If I’m really honest, I am beyond ready for 2024. The year will fill up and I am looking forward to important changes in life. 2023 has come but not yet gone- but it has brought a tremendous amount of lessons, experiences, and wisdom. The remaining weeks, spent in the air, and in staging the final performance of the year, will hopefully contain love, wisdom, and celebration in equal measure.

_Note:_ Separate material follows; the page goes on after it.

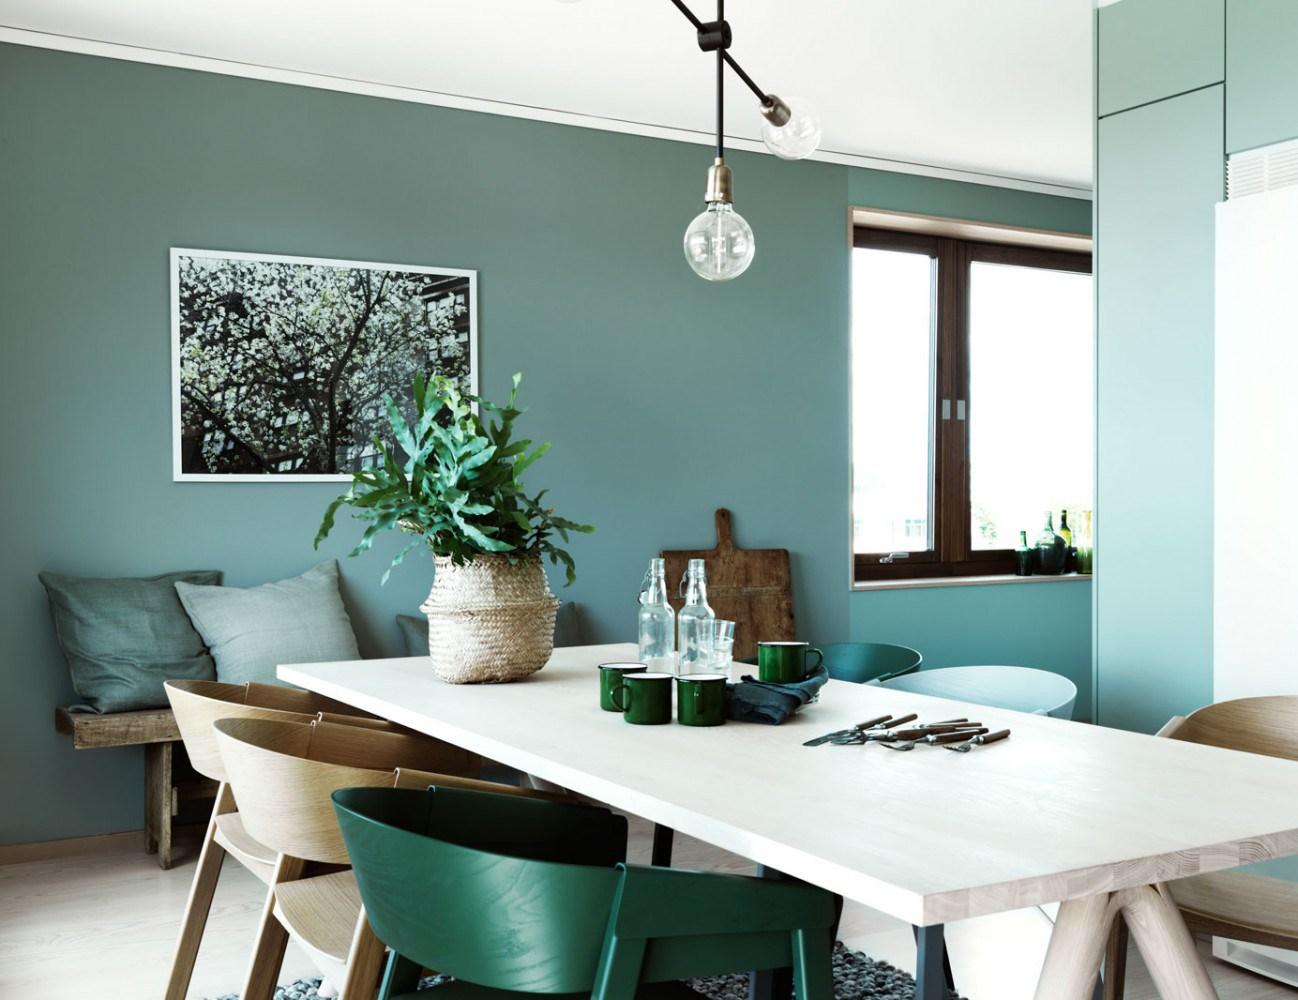 deco-interieur-peinture-vert-kaki-green-attitude-look-style-nordique-scandinave-moderne-FrenchyFancy-5

The intervening weeks between the Hong Kong premiere of The Once and Future (2021) and the upcoming world premiere of Vivacissimo (2023) have been anything but empty- I had the great privilege of working with Joby Burgess and Anandi Bhattacharya on a new work for Hong Kong Ballet for which the music was fully recorded last week and the choreography will be filmed next week, and this has provided plenty of inspiration to last me through the stubbornly warm days here in Hong Kong. But there has been more to keep one excited, too: new and unprecedented interest in The Once and Future from both European and Asian promoters which should mean the work truly has legs in the coming seasons, and some promising progress for the new project for Manchester International Festival‘s 2025 edition. It means that this difficult and unexpected year won’t be defined only as such.
And then there’s 2024- the University of Oxford, one of my three ‘almae matres’ and the only one that hasn’t turned into a shell of itself yet, will host a screening and panel discussion of the Russia: Today (2020) project with EXAUDI. And I’ll be back in the UK in May 2025 for a two-week residency at MIF to properly develop the collaborative project with Kingsley Ng and Stephanie Cheung which, aside from working with South Korean violin virtuoso Bomsori Kim, might veer into the completely (for me) unknown genre of trance-techno.

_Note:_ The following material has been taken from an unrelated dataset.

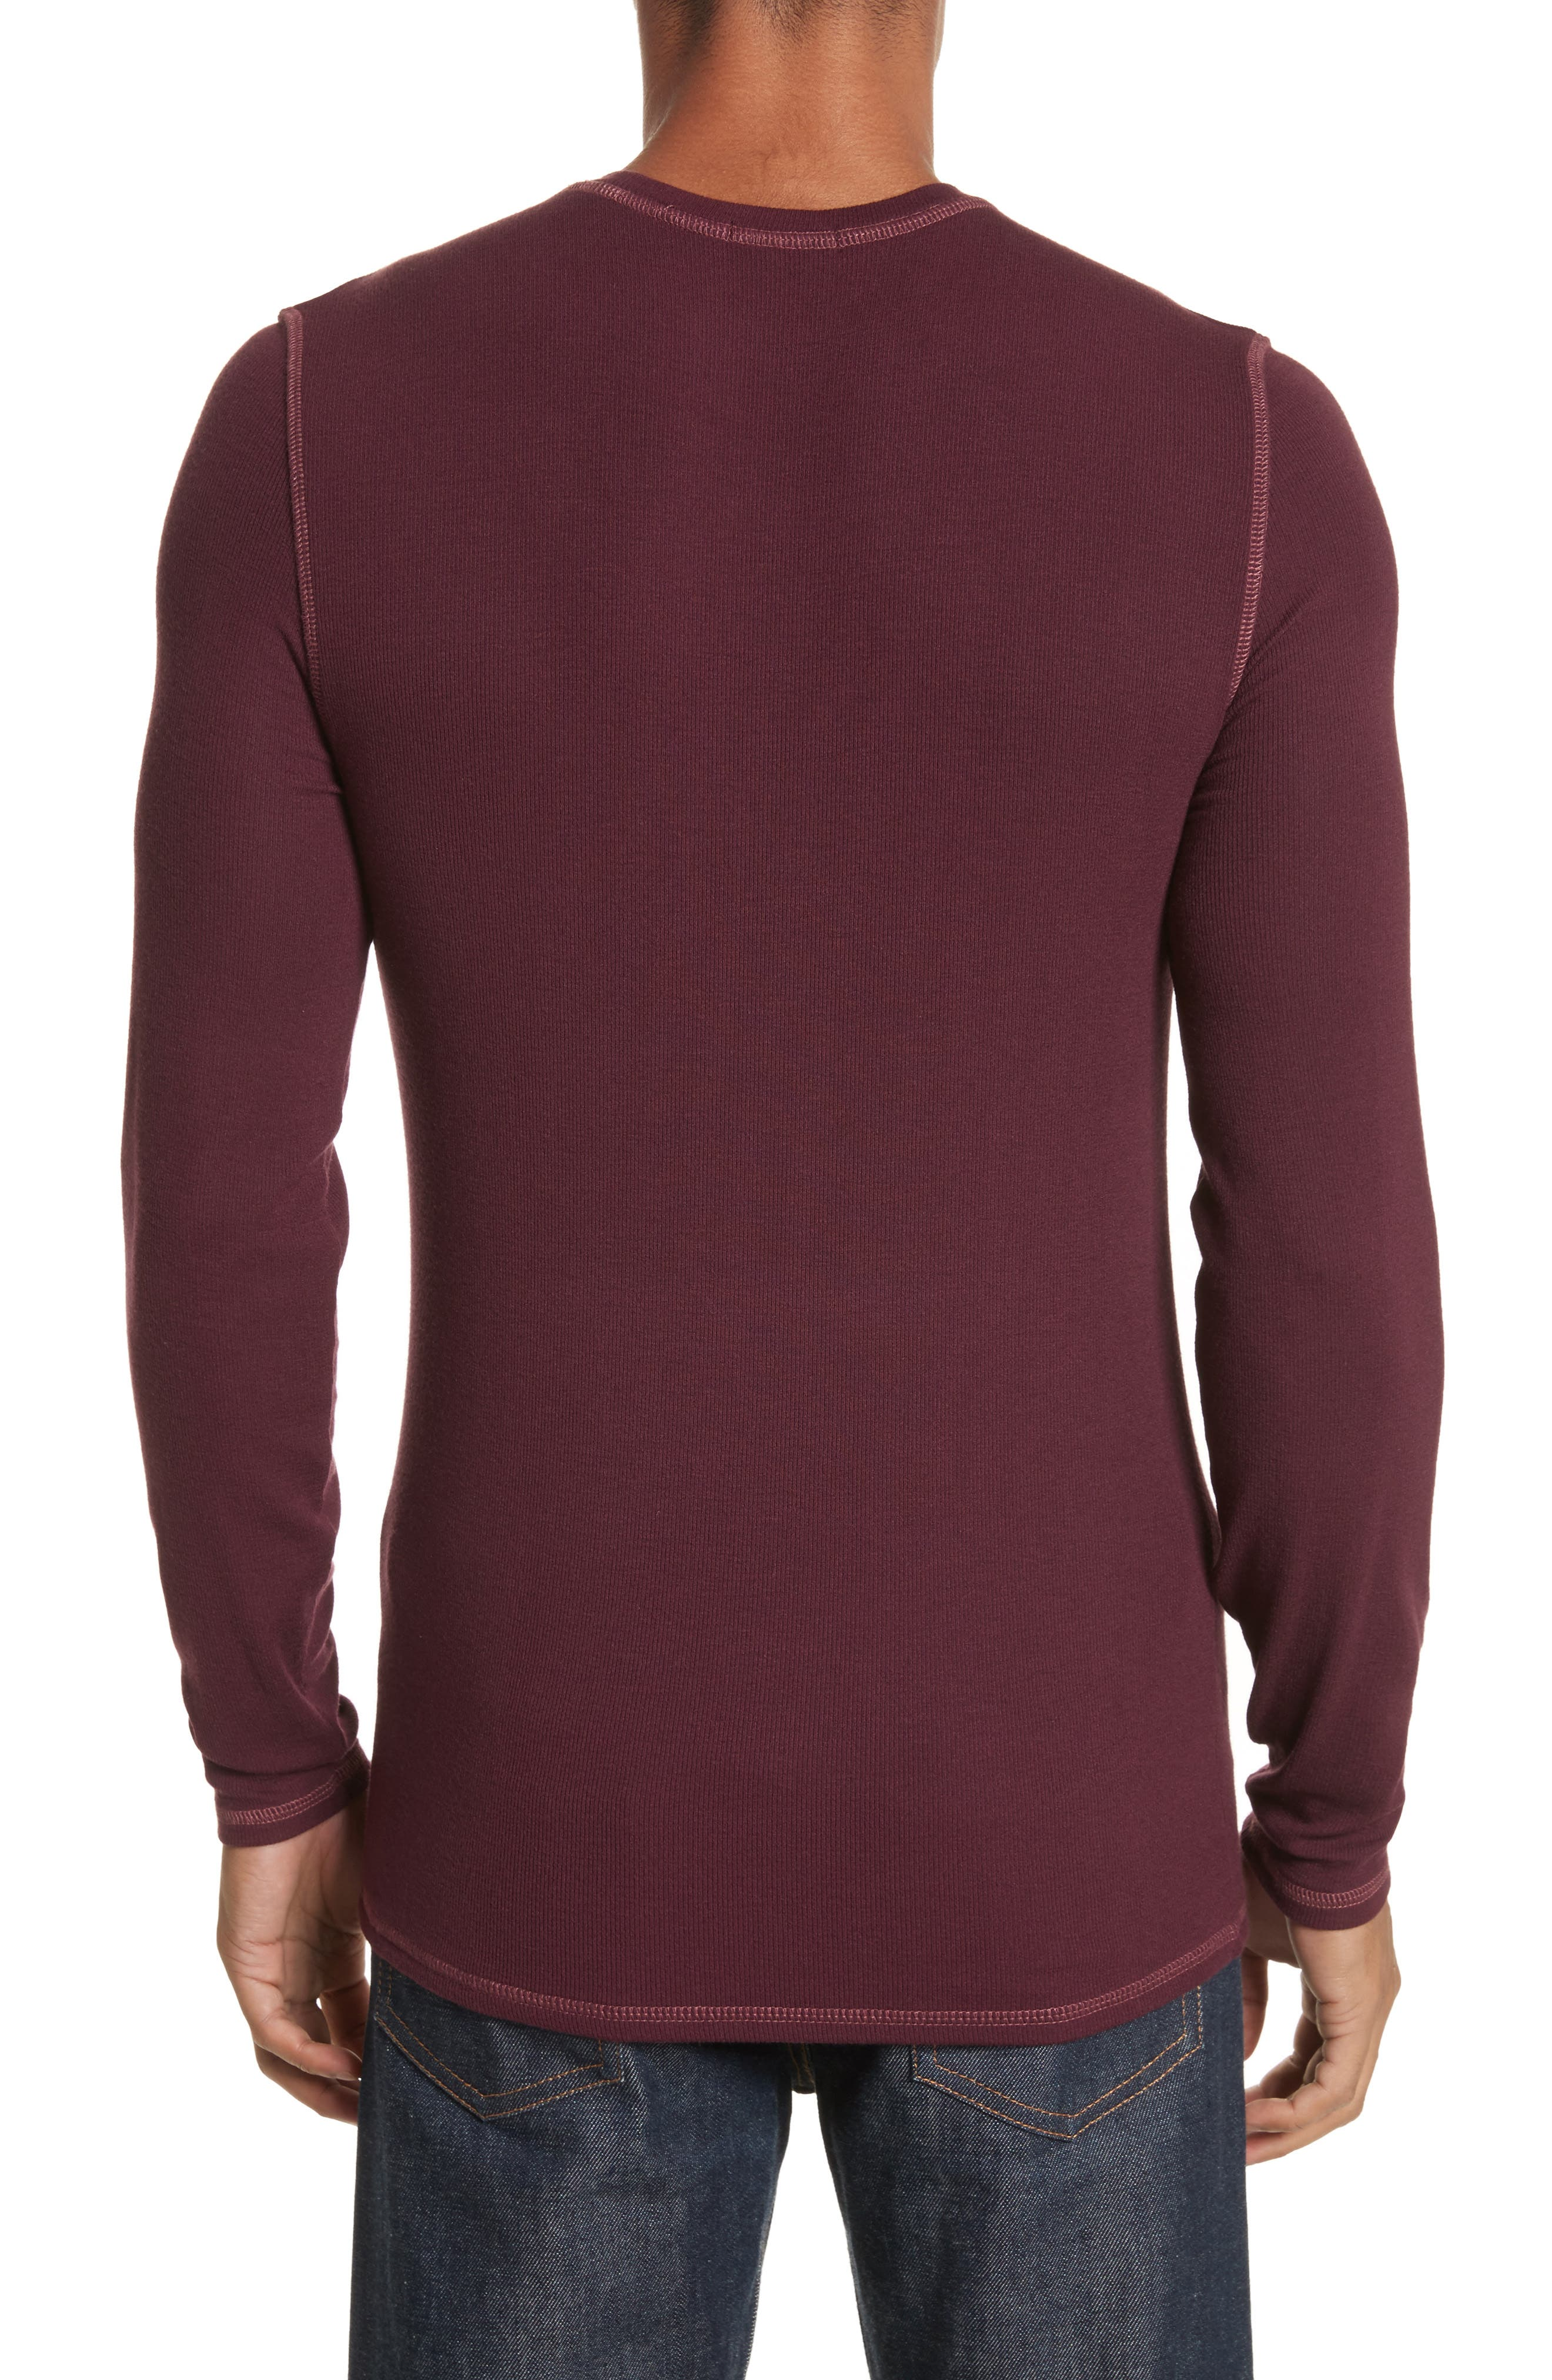 Rib Modal Crewneck Sweater,                             Alternate thumbnail 2, color,                             Merlot

Looking into the future from the present, particularly considering the sound of the new Hong Kong Ballet digital work, I find myself at a creative crossroads among many other crossroads, career-wise and in life in general. Some years ago, and rather consistently, I would worry about what success might mean for my urge to create and whether there would be any fire left; as some close collaborators of mine keep reminding me, I only planned to come to Hong Kong for a short time and hardly imagined I’d spend days after days in production and project management, paying salaries to musicians and signing management deals for my own work. I still feel uneasy and deliberately impermanent about such tasks and especially rebellious about becoming anything else before a composer, and not out of some sort of artistic pride or disrespect of the incredible effort it takes to make great things happen in music. In fact, it’s superhuman, just that compromising time on creating new work causes me to feel unworthy of the vision and ambition I do have on a purely creative level. And there, I don’t compromise. Or, rather, from 2024 onwards, I won’t.

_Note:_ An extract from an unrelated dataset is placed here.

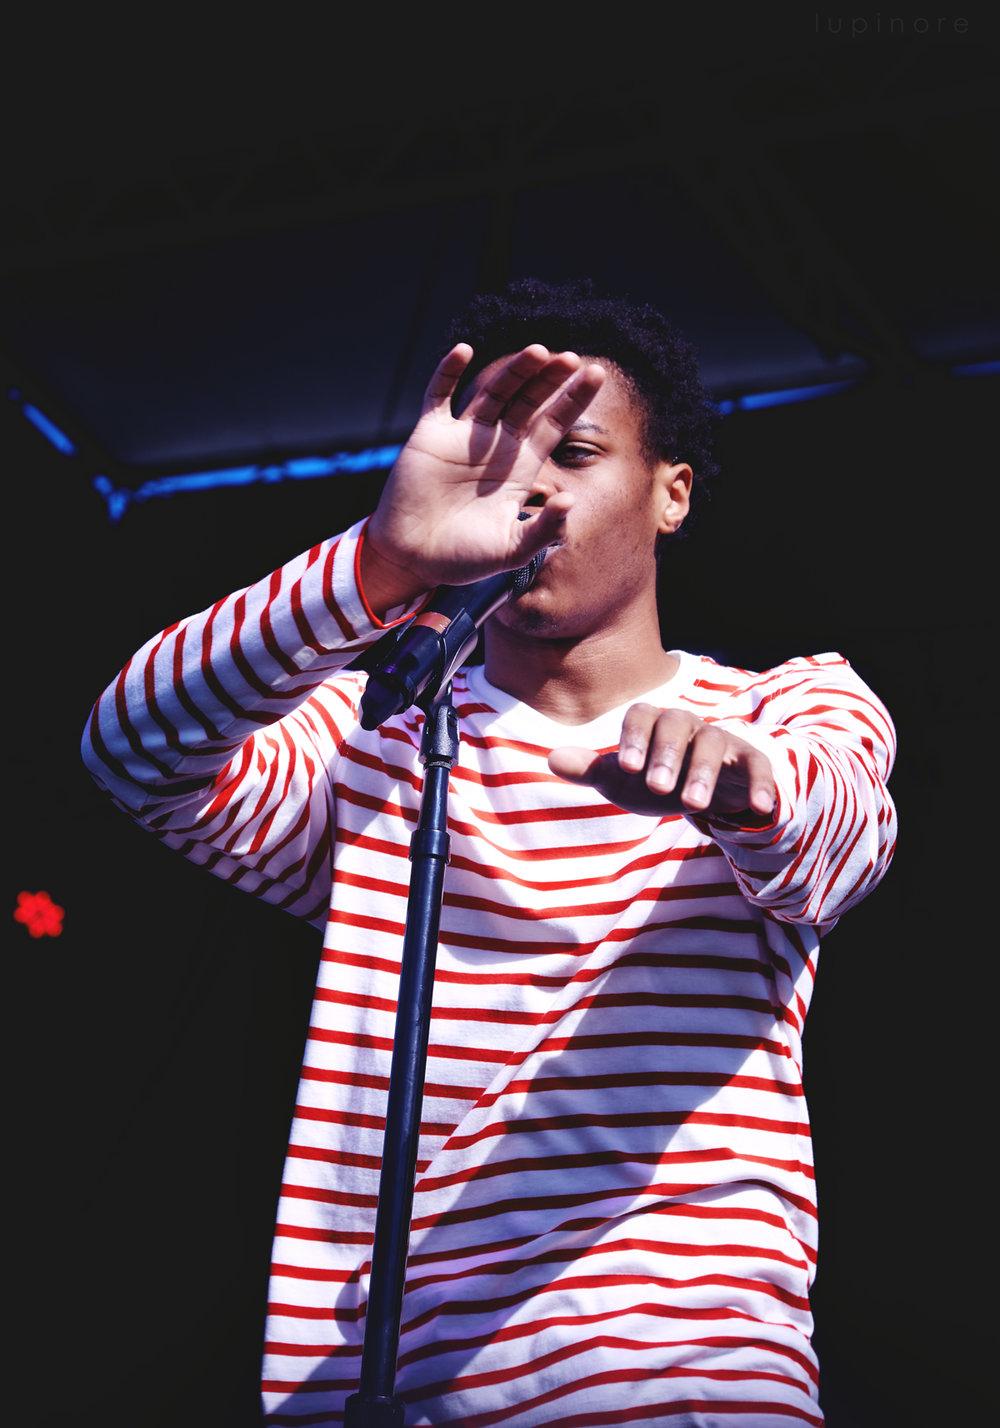 John_River_NXNE_Rap_Conscious

I never thought we could finally get there but once we did, it felt somewhere between euphoria and the excision of a huge weight- The Once and Future (2021) finally had its two years-postponed Hong Kong premiere on the 21st and 22nd October at the Hong Kong Cultural Centre with Anandi Bhattacharya and the Berliner Philharmoniker musicians delivering three incredible shows. But it was not only them of course- the incredible tech team, which consisted of talented and super-professional artists and engineers, delivered a knock-out production. And now it has legs. Of course, the process over the past few months of understanding that it is effectively my production to handle also means that changes will come for the future, quite major ones. While the materials and thinking behind the project are without reproach, its path forward will require flattening some egos and creating something even incisive and ambitious.
This comes at a time when I’d really prefer to spend more time composing than producing. The post-NVAF days were heavy and even the chance to spend a few days for my brother with my brother in the Ryukyu Islands – some truly exotic locales – did little to put the production responsibilities in the rearview mirror. Many aspects of it are exciting: developing the project for further concerts in Europe, mainland China, and India has been a fun challenge, as has been looking into further funding and co-production options. Ultimately, though, my goal is to return to music composition as a central practice, and leave the other things I’m frustratingly too good at to colleagues and collaborators. Creativity needs space; time; focus.
The next weeks, we’ll be developing the Hong Kong Ballet production under Giorgio Biancorosso‘s direction and the artistry of vocalist Anandi Bhattacharya and percussionist Joby Burgess, choreographed by Yuh Egami and danced by the principal male dancer of the company, Shen Jie. The development of this brief work is incredibly exciting primarily because of the top artistry of the team. What a privilege it is to have this space to see another crazy idea through.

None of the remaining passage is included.